# BITC: Ecological Niche Model Evaluation, part 2

0 (0 Likes / 0 Dislikes)

Hello, this is Town Peterson again, and this is the second part of the module on model evaluation.
In the first part, we dealt with introductory concepts. In this part, we're going to get some practicalities
and some performance measures.
Essentially, what we want to do is to start thinking about what a spatial prediction looks like,
and what the sorts of data that we might overlay on that prediction would be like.
So, I've drawn a very simple map. You can imagine this as being latitude and longitude.
And this black line outlines what would be the true distribution of the species if we were to know it.
Now, we do our modeling exercise, and we produce a prediction, which I have shown as this blue line.
Now, we overlay our independent evaluation data set, and that's this set of X's.
Now, there might be some X's here and here, but you can see that those are going to cause us some confusion.

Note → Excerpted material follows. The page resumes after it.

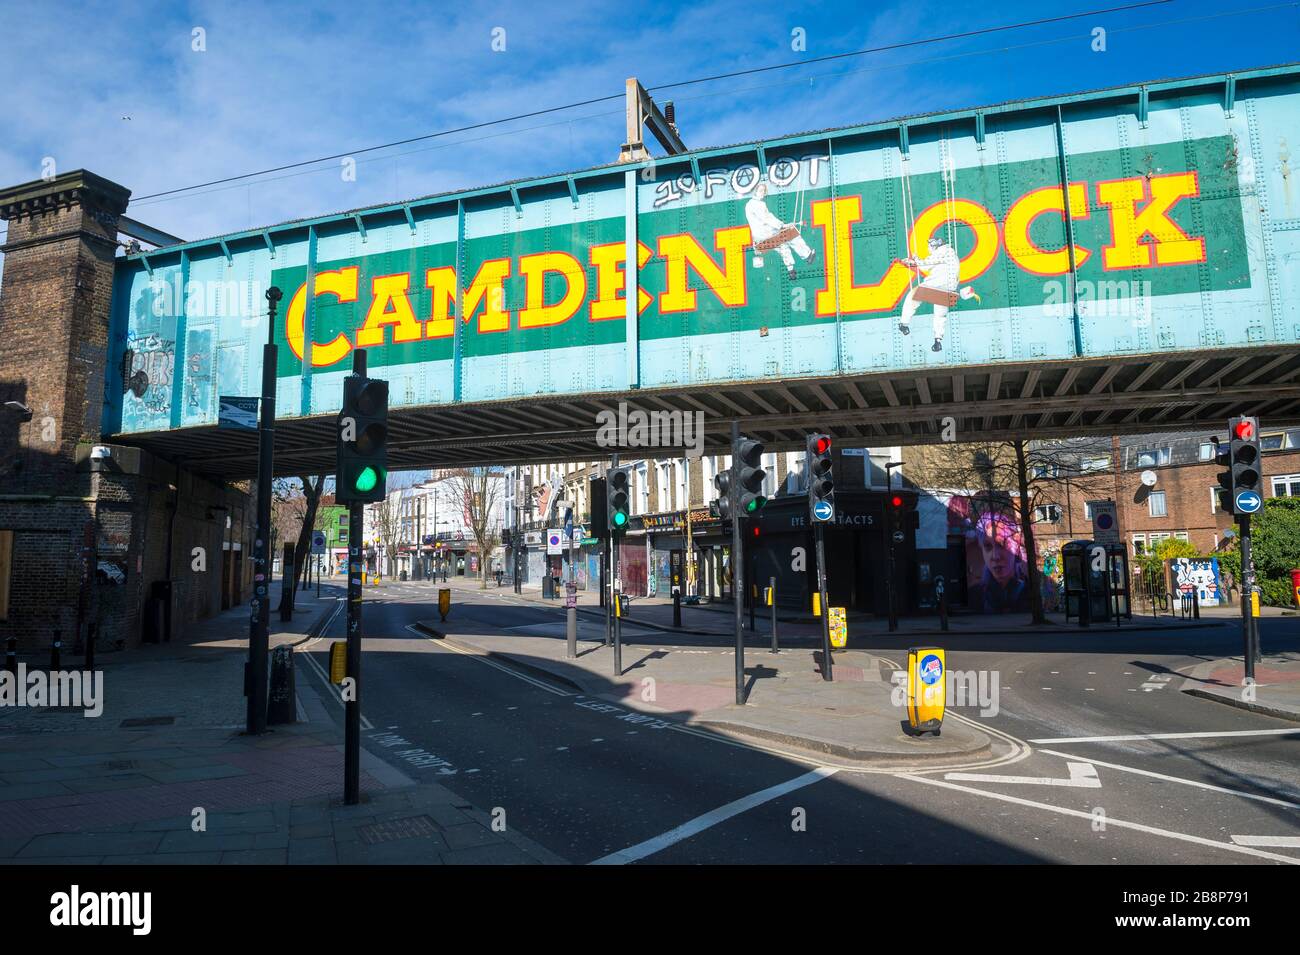 LONDON - 22. MÄRZ 2020: Normalerweise sind die belebten Straßen rund um den berühmten Camden-Markt verlassen, während die Stadt unter Coronavirus Sperrungen leidet. Stockfoto

So, that's literally what we call this ... a confusion matrix, which I've summarized here.
Within the truth, those are actual presences, so that's this column.
And outside of that true distribution are actual absences, and that's this column.
And then [for] our prediction, the same thing ... inside this is predicted present, and outside the blue polygon is predicted absent.
And so that essentially leaves us with four regions: this region here is predicted as part of the species' distribution, and in truth is;
and so that is essentially correct prediction of presence.
This area out here is predicted as not being suitable for the species and not being part of its distribution,
and, in truth, it is not.
So, d also is essentially correct prediction, but in this case of absence.
Then, we get into the two components of error ... we have areas that are predicted to be part of the species' distribution,
but are not, so that is here, b ...
and we have areas that are in truth part of the species' distribution, but are not predicted as such,
so that is c. So, essentially, a and d are correct predictions, and b and c are incorrect predictions,
but in different parts of this map.
OK, so that's the confusion matrix, and we need to pay a lot of attention to the confusion matrix because it
ends up being the basis for a lot of the methods that get used, and I will show you some of this.
Let's start out ... remember the difference between performance measures and significance measures?
Performance is asking, essentially, how well is this prediction anticipating the truth,
and significance is asking questions about whether you are doing better than random expectations.
Let's start with some of the common performance measures ...
We can measure omission error ... as c over (a + c).
And this is very simple: it's the proportion of actual presences that are not predicted correctly.
And so right away we can see the complement of this, which is the commission error,
and (you can guess) it's going to be b divided by (b + d).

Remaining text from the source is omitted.